《For Professional/Commercial Use》Limited Release of Deep Learning Framework, SmallTrain 0.1.2

AI open source project that ensures professional usability

Geek Guild Co., Ltd. starts an open source project of “SmallTrain”, which pursues high accuracy and high functionality, with a function as a wrapper for TensorFlow and PyTorch and as a library that provides original algorithms.
It starts on Wednesday, April 15, 2020.
First of all, it is open to registered users only, and the trained model built with SmallTrain 0.1.2 is used commercially.
Registered users are able to experience how easy it is to build a high-accuracy, trained model that can withstand commercial use, and contribute (contribute) to improving the source code.

See SmallTrain site for more imformation.

Artificial General Intelligence Open Source Goal

In the context of the third AI boom that began with deep learning, many companies are developing their own AI. However, each type of AI is classified as a “Narrow AI” and is only active in the industry for limited uses.
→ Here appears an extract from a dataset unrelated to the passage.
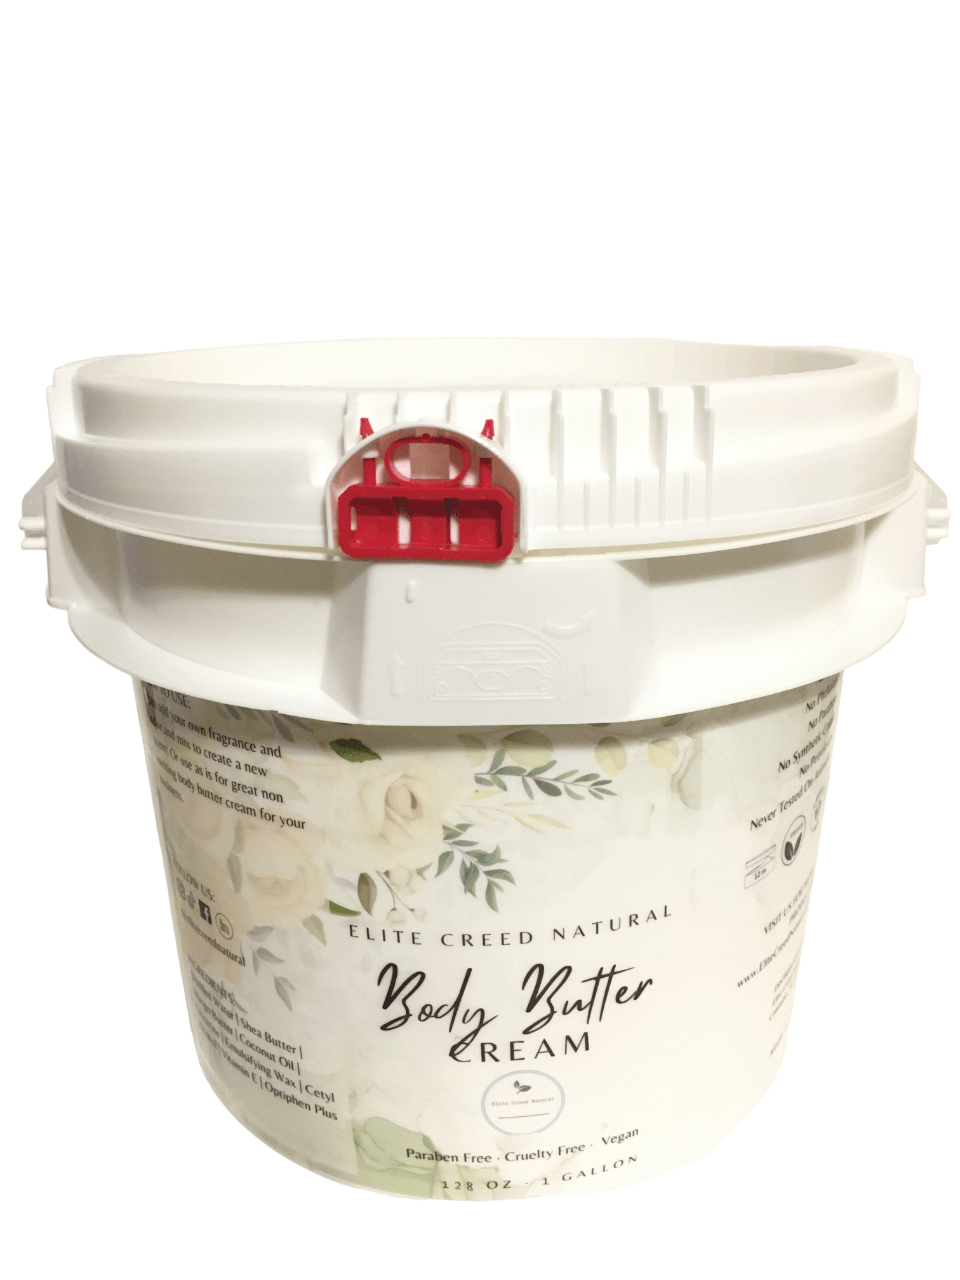 Wholesale Body Butter Cream Base

We are convinced that AI technology is a fundamental technology for machines to help humanity and build symbiotic spheres.
As a platform for that, we propose “Harmonic AI”. Let’s help each other with their own small data, aiming for a better society, by integrating the AI that they have independently developed and forming a general-purpose AI!

Three Advantages of SmallTrain

1.Free and easy creation of commercially available AI models equipped with cutting-edge AI algorithms 2.Use as a trained model that supports small data can significantly reduce man-hours 3.As a wrapper* for both TensorFlow and PyTorch, a library function to provide unique algorithms will be installed

What is a wrapper? …wrapping a library such as TensorFlow or PyTorch, and users can access the library via the wrapper so that even if the library is replaced or the interface of the library is changed, the changes are stopped only inside the wrapper and the effect of the change are stopped.

SmallTrain Open Source Project Contributor

1.Environment where you can work remotely (using version control system GitLab) 2.OSS project contributing experience 3.AI model development experience

Background of the SmallTrain Open Source Project

AI development is difficult due to the need for data science background and advanced programming skills.
In addition, there are methods that can be used to build AI using open source libraries, etc., but it is hard to say that quality can withstand service operation.
Therefore, Geek Guild released the source code of the AI ​​model developed in-house and started a project for public use for service development.

How to Use SmallTrain

This version introduces how to create an image recognition model as an introduction.
It can be used for a wide range of AI services such as time-series data prediction and voice recognition,
and also it can be used as a wrapper for libraries, TensorFlow, and PyTorch.

See for more information.

1. A Library of Deep Learning models, and a wrapper

There are three main ways to create AI models:

  • Understand algorithms and mathematics and build your own model
  • Algorithms and mathematical functions are self-made using calculation libraries such as TensorFlow
  • Easily create models using wrappers to call calculation libraries (most man-hours can be reduced)

SmallTrain aims to be a wrapper equivalent to Keras.

  • The difference from Keras
    Keras is suitable for PoC, SmallTrain is for both PoC and commercial use.
  • The similarity to Keras
    It is easy to use for beginners.

2. Wrapping TensorFlow mathematical functions

3. You can call mathematical functions of both PyTorch and TensorFlow.

4. You can also call SmallTrain’s own calculation library.
We read the state-of-the-art papers and implement the cutting edge of algorithms.

5. AI model of SmallTrain
Using TensorFlow, PyTorch, and unique mathematical functions, we have built a deep neural network* with more than 60 layers.

* It is a deep neural network that holds Pyramid Network and can produce highly accurate results, and also it incorporates CNN and other techniques.

6. Trained model
SmallTrain has been learned.
It is highly versatile and supports all kinds of data, and learns with various data such as image data and time series data.

7. Providing your own trained model
By inputting user’s data, you can easily build your own trained model. Getting Started describes how to recognize images as an introduction. It supports various data.

  • SmallTrain and Geek Guild are trademarks of Geek Guild Co., Ltd.
  • TensorFlow is a trademark or registered trademark of Google LLC.
  • All other trademarks are property of their respective owners.